- Developers: Knowledge Adventure Van Duyne Engineering
- Publisher: Knowledge Adventure
- Series: JumpStart
- Platforms: Windows, Macintosh
- Release: October 15, 1997
- Genre: Educational
- Mode: Single-player

= JumpStart Typing =

1997 video game

JumpStart Typing is a personal computer game intended to teach typing skills to kids aged seven to ten. The game reuses the cast of JumpStart Adventures 3rd Grade: Mystery Mountain.

The game is set at Sparks Stadium, where keyboarding Olympics take place between the Sparks Team and the Galaxy Gladiators. When Polly Spark gets mad at Coach Qwerty, who didn't like her "untapped typing talent" and consequently kicked her off the team, she locks him in the Trophy Room. When Botley reminds her of how much her father wanted to win a new trophy for the Trophy Room, Polly decides to let Coach Qwerty out, but it turns out that her power cards needed to unlock and open the Trophy Room need to be recharged.

The user must therefore coach the Sparks Team in Qwerty's place and recharge Polly's power cards through taking timed typing tests. At the beginning of the game, the user takes a diagnostic test to determine the words per minute goals that need to be reached to activate the power cards.

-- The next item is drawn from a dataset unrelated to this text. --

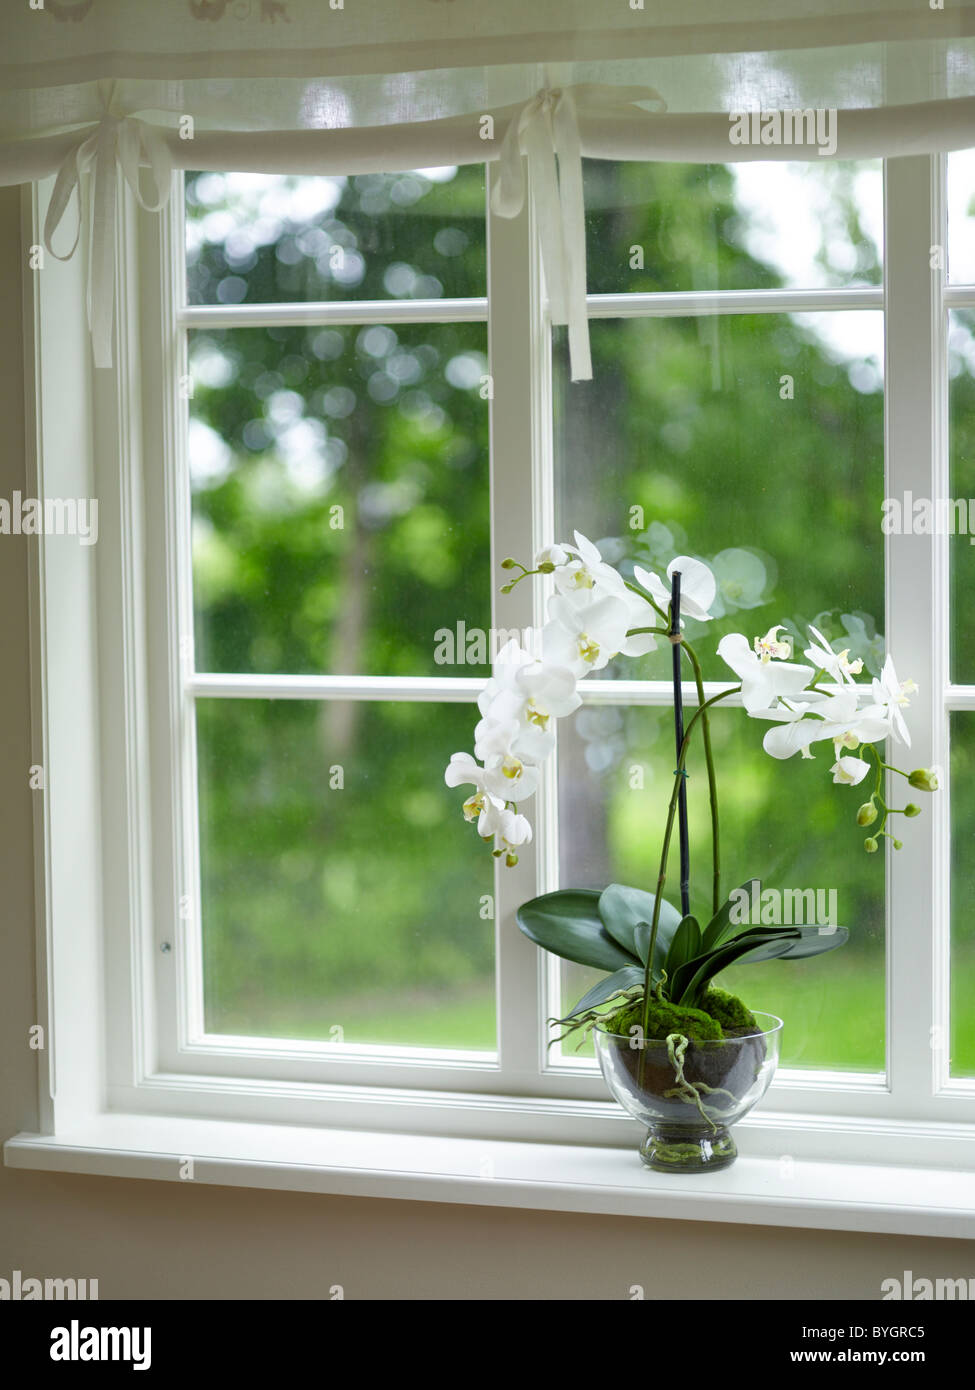 Topf-Blume auf der Fensterbank Stockfotografie - Alamy

==Keyboard Training Center==
The Keyboard Training Center is run by Polly and includes the locked Trophy Room, the Technique-O-Tron and the Test-O-Matic. The Technique-O-Tron provides two humorous movies, made in a style to suggest they were made in the mid-20th century despite featuring modern computer keyboards, that teach the user about the "home row" keys and correct typing posture. The Test-O-Matic features lessons and timed typing tests. It is through taking the timed typing tests that the user attempts to reach the words per minute that activate the power cards.

==The games==
Outside the Keyboard Training Center, Botley joins the user for the games, which the user plays to win gold, silver and bronze medals. Winning these medals do not lead to the freeing of Coach Qwerty. The user has a limited amount of "strength" to play the games and, if the "strength bar" gets too low, it must be restored through taking lessons and timed typing tests in the Keyboard Training Center. Botley may have been voiced by a new person, but he still seems the same, and none of the robots from JumpStart 3rd Grade are seen. The games are as follows:

- Roller Racer: The user helps a Sparks player skateboard down a track and avoid hitting obstacles or the mischievous Track Trickster by typing the letters that appear on them.
- Keyboard Kicks: In this foosball-esque game, the user types the letters that activate a row of Sparks players, so that they will block the ball away from the Sparks' goal. Thus Sending the ball right at the Galaxy Gladiators' goal 10 points are needed to be scored in the game to win.
- Trail Blazer: The user helps fifty Sparks snowboarders make it to the bottom of a mountain by typing the letters that appear above each of them.
- Cliff Hanger: The user types the letters on different ledges to help the Sparks player climb to the top of Mount Keys, while avoiding Wall Crawlers, who throw balls of slime down on the climber.
- The Fans Go Wild: The user types the letters on cards held by fans so that they turn over and form an animated message. Ms. Winkle, Polly's schoolteacher from JumpStart 3rd Grade, appears to be part of the crowd. This is the only activity in which a medal is not earned.

==The Closing Ceremony==
After Qwerty is freed, Polly apologizes for locking him in the Trophy Room and argues that he should consider the fact that she took part in freeing him and coaching the team. He tells her that "if it takes locking me in the Trophy Room to get you to practice your keyboarding skills, then so be it" and decides not to tell Professor Spark about the incident. At the Closing Ceremony, the Professor, left with the impression that Qwerty was "mysteriously locked in a Trophy Room throughout the games", presents a trophy to the user, since Botley informed him that the user was primarily responsible for the Sparks Team winning over the Galaxy Gladiators.

As in JumpStart 3rd Grade, the storyline ends here, but the user can continue playing the games.

==Production==
After the merge of Knowledge Adventure and Davidson & Associates, Jan Davidson began cross-developing products between the Glendale and Torrance centers and the first Knowledge Adventure product to be produced in Torrance was JumpStart Typing. Led by executive producer Mike Albanese and producer Michele Lichtenstein, JumpStart Typing was declared to be "more JumpStart than JumpStart". This effectively ended any speculation that a JumpStart title could not be produced outside of Glendale. Albanese went on to assume the role of Vice President of KA Glendale towards the end of his tenure at what was then Cendant Software.

==Critical reaction==
Discovery Education praised its educational and entertainment value, saying it was best suited for practicing typing rather than learning the basics, and would appeal to children who enjoyed fast-paced games.